White supremacists think this Ann Coulter tweet is a secret Nazi code

Ann Coulter during her speech
Impact

Conservative commentator Ann Coulter tweeted a single number, and neo-Nazis on Twitter went wild.

The tweet was simple: "14!" — the number of full days President Barack Obama is still in office. But the number is also a white supremacist symbol: "14" refers to the "14 words," which the Anti-Defamation League calls the "most popular white supremacist slogan in the world." The words are, "We must secure the existence of our people and a future for white children." 

Coulter's fans responded almost unanimously with "88!" — code for "HH," or "Heil Hitler." Answering a "14" with an "88" is a common call-and-response chant for white supremacists (or, as the racist, Trump-cheering, far-right zealots on the internet call themselves now, the "alt-right").

In an email, Coulter told Mic, "I have tweeted the number of days Obama has left in office at least 50 times. anyone who hasn't figured that out by now is retarded." (Her last "countdown" tweet appears to be from Dec. 7.)

Ann Coulter/Twitter
Twitter

Coulter knows exactly what the "alt-right" is: As recently as December 2015, she called it a "'white power' movement" in an email to BuzzFeed. But she dismissed the idea that the group's racism would be a cultural force: "That says nothing about me or Donald Trump."

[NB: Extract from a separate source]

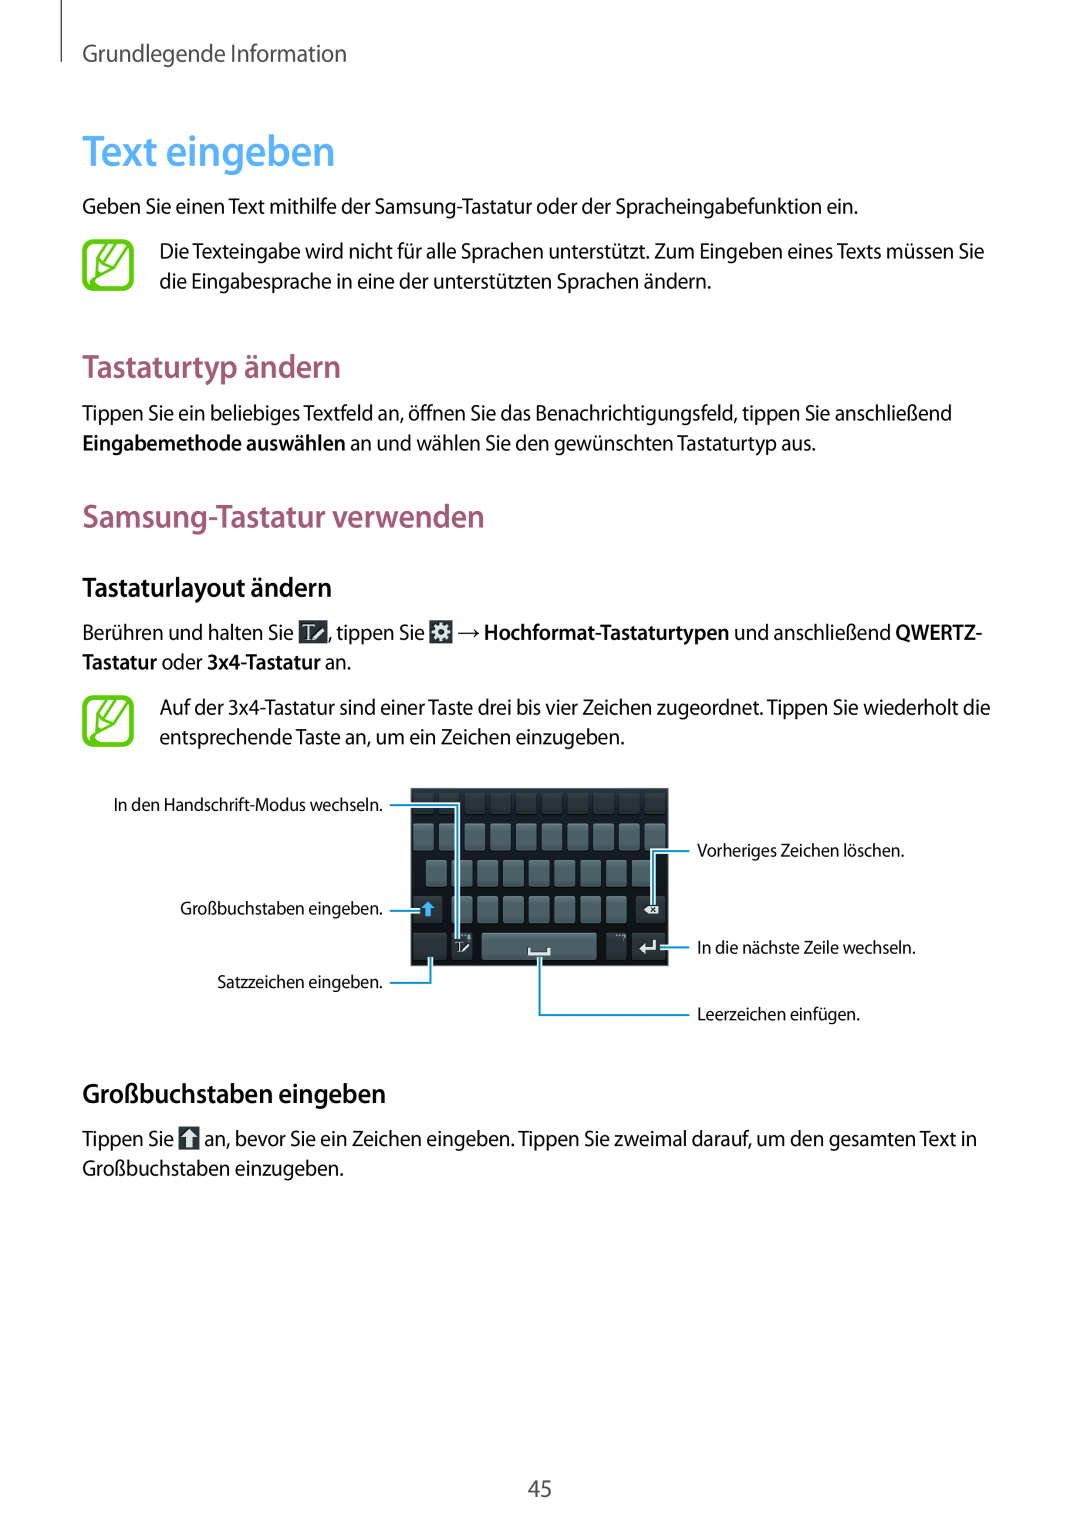 Samsung GT-N7100TADEPL manual Text eingeben, Tastaturtyp ändern, Samsung-Tastatur verwenden, Tastaturlayout ändern

Her claim barely holds water now. Coulter, who wrote a book in support of Trump's anti-immigration policy, has made a name for herself over the past two decades by stoking the same anti-black, anti-Muslim and anti-Jewish fears that propelled today's white nationalist movement. Openly racist influencers like Richard Spencer and Milo Yiannopoulos, who often set the bilious agenda for an army of trolls on Twitter, have Coulter, in part, to thank for their support.

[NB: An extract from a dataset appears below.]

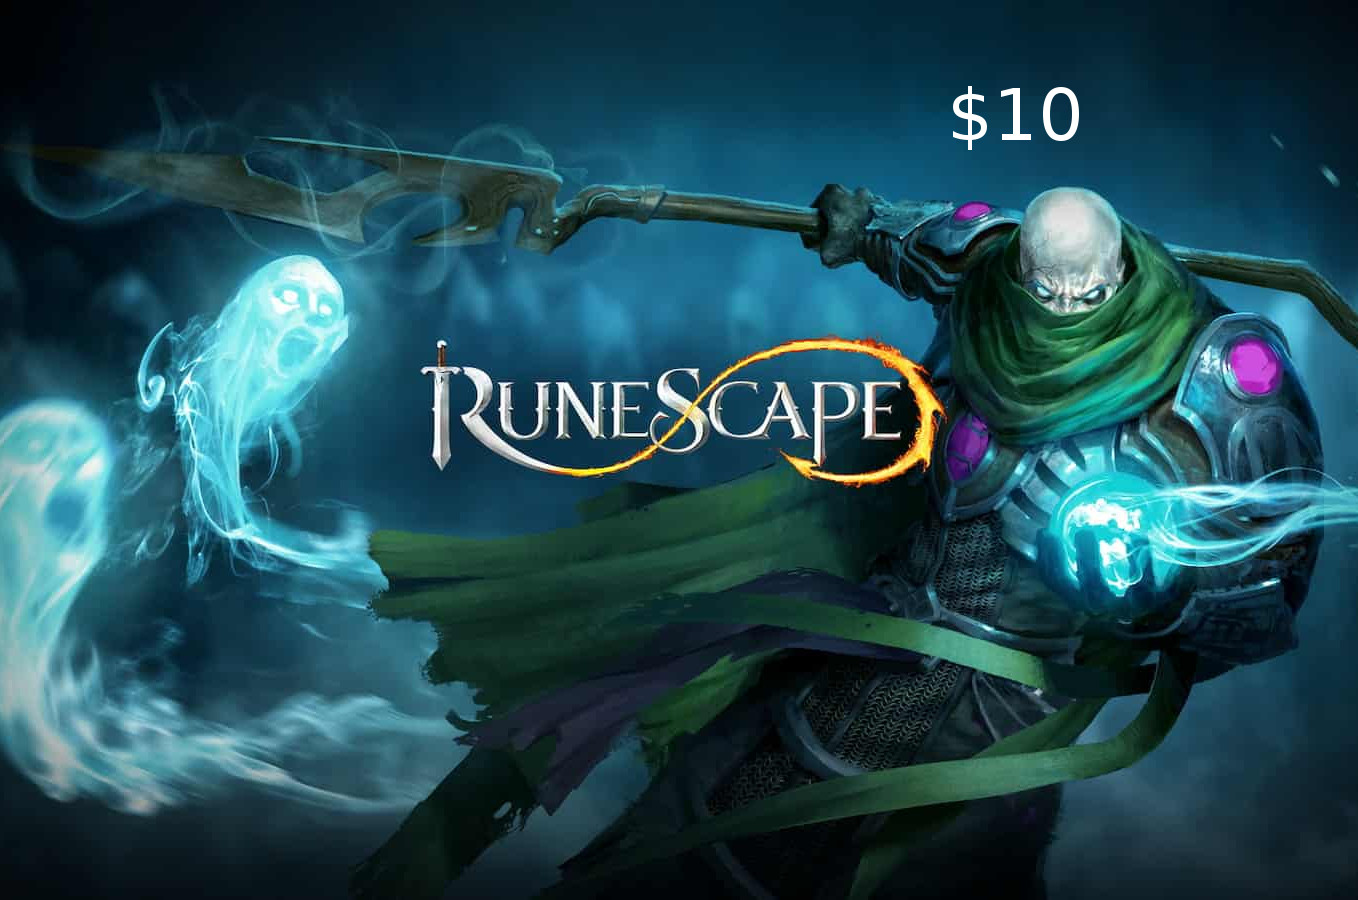 Runescape $10 Prepaid Game Card, 10.11 usd

In fact, in August 2015, just months before clarifying her stance to BuzzFeed, she seemed to play directly to the so-called movement:

The line "We must secure the existence of our people" incites the same fears of immigrants and diversity as Coulter's published brand of nationalism. "As America diversifies ... we pick up a lot more corruption," she wrote in In Trump We Trust: E Pluribus Awesome! "Almost any immigrant to America makes it less honest."

So Coulter ostensibly didn't mean to tweet support for this particular brand of white nationalism. Whether or not she'll admit it, however, she continues to help take the movement mainstream. 

Jan. 5, 2017, 4:40 p.m.: This story has been updated.